● Records provided:
◆ ◆ ◆ ◆ ◆ ◆ ◆
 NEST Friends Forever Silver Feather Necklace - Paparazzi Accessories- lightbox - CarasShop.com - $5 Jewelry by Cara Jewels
◆ ◆ ◆ ◆ ◆ ◆ ◆
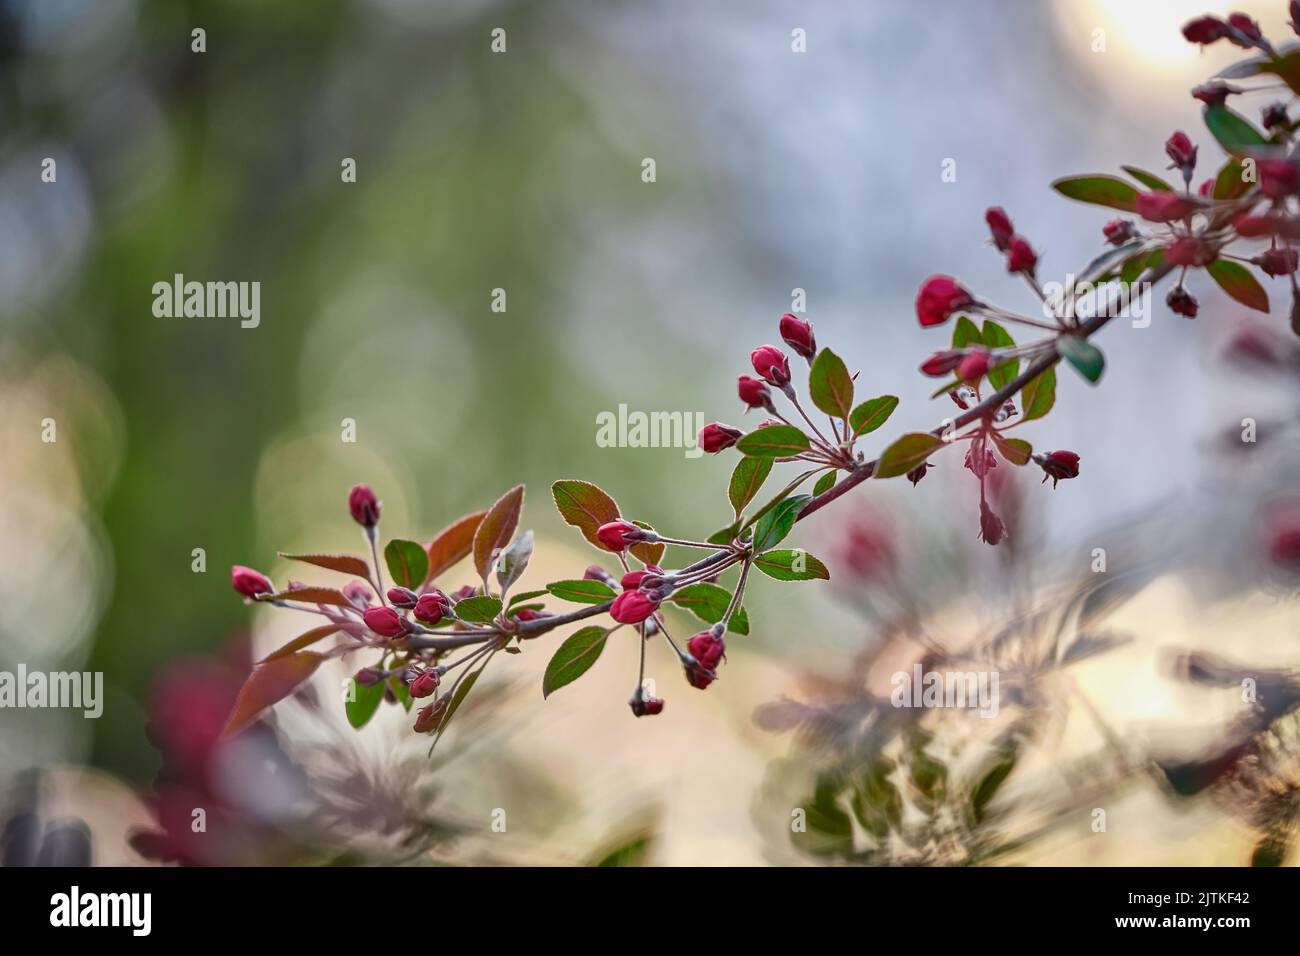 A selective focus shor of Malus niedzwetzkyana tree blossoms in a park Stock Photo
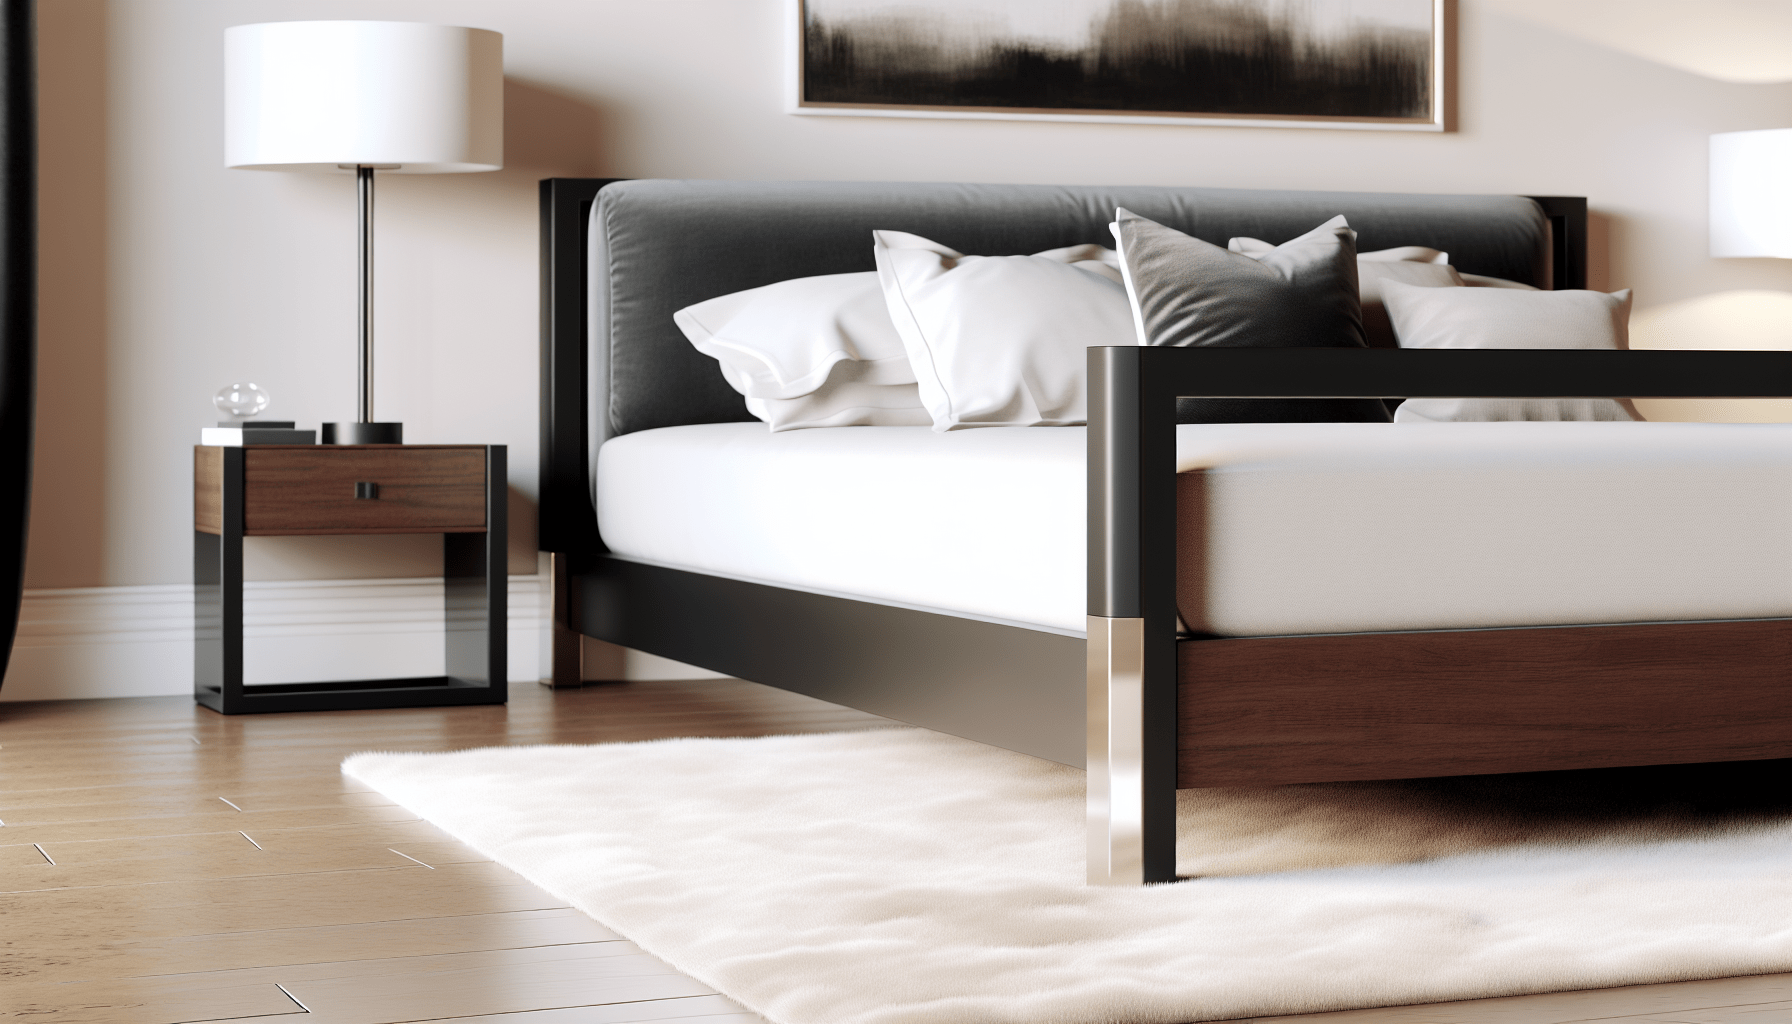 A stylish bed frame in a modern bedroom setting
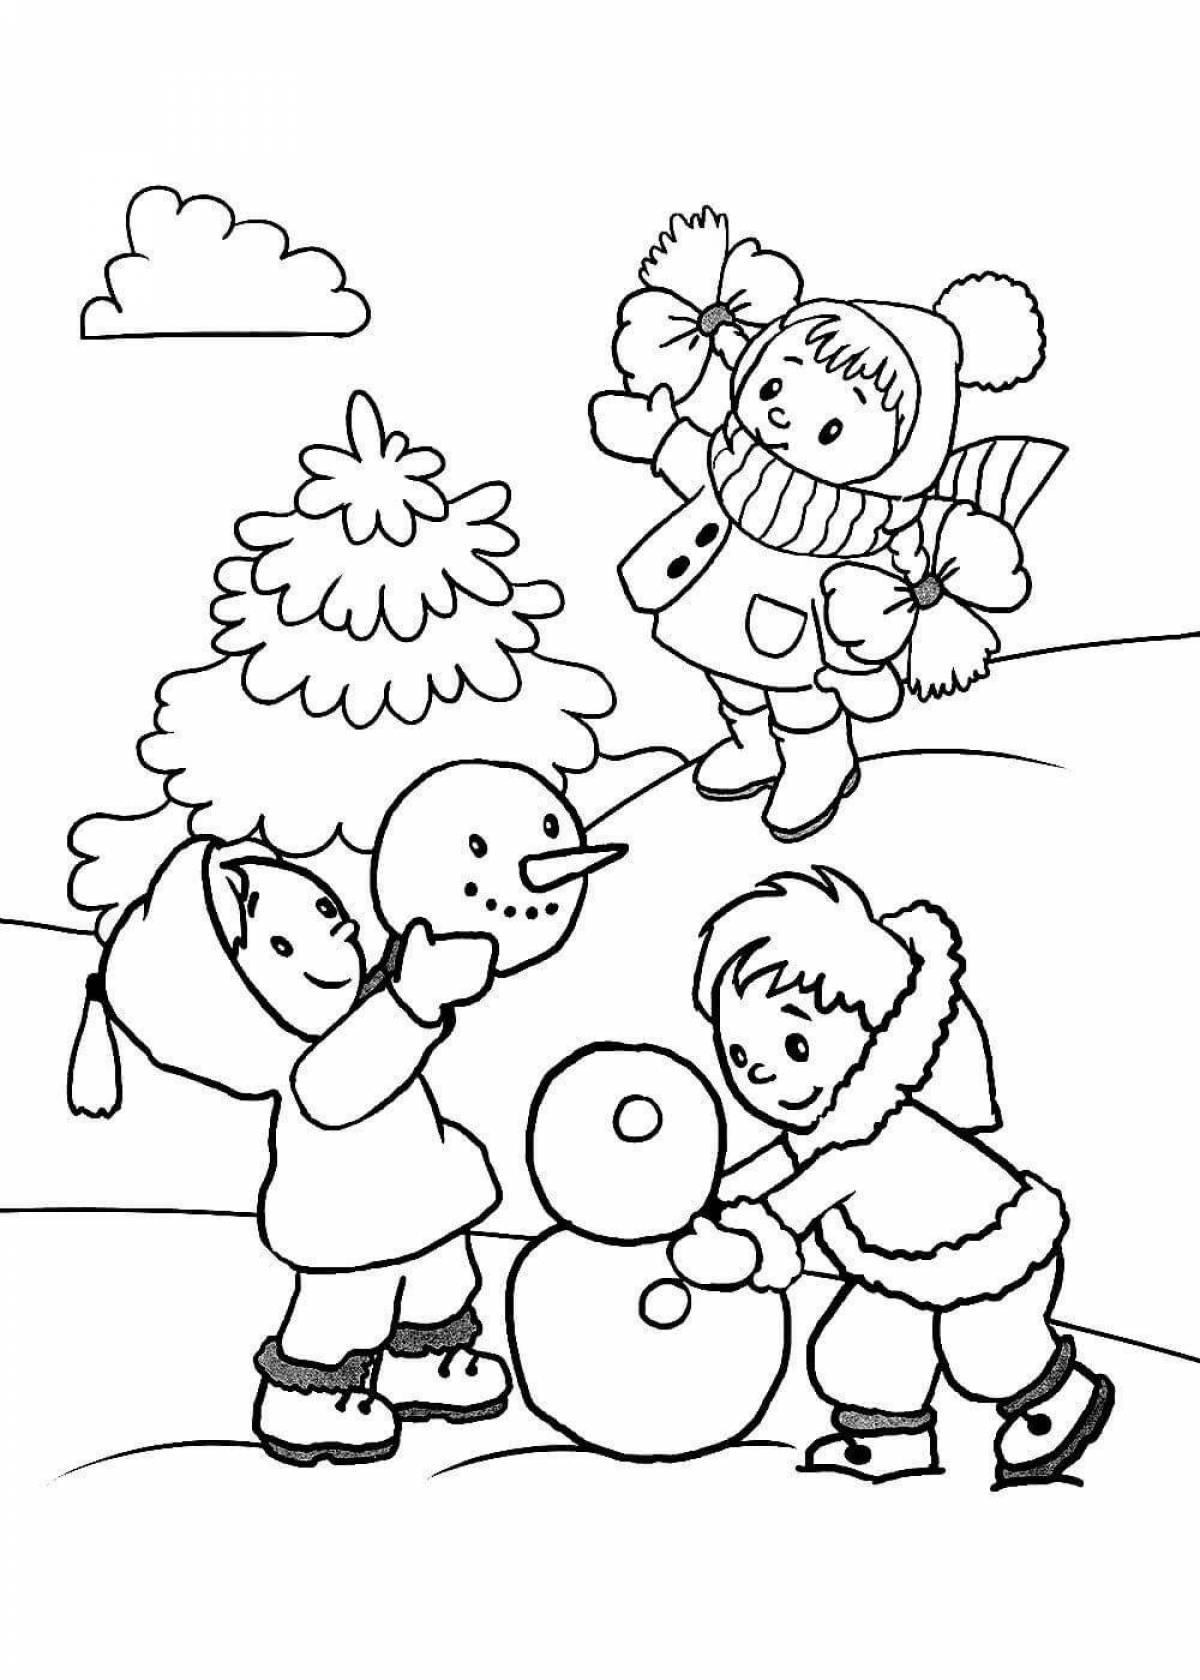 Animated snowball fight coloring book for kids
◆ ◆ ◆ ◆ ◆ ◆ ◆
● Work order:
Leaving all pictures out, output exactly the lines of the material above from the line with "A selective focus" to the line with "Animated snowball fight", both included.

● Exercise solution:
 A selective focus shor of Malus niedzwetzkyana tree blossoms in a park Stock Photo
 A stylish bed frame in a modern bedroom setting
 Animated snowball fight coloring book for kids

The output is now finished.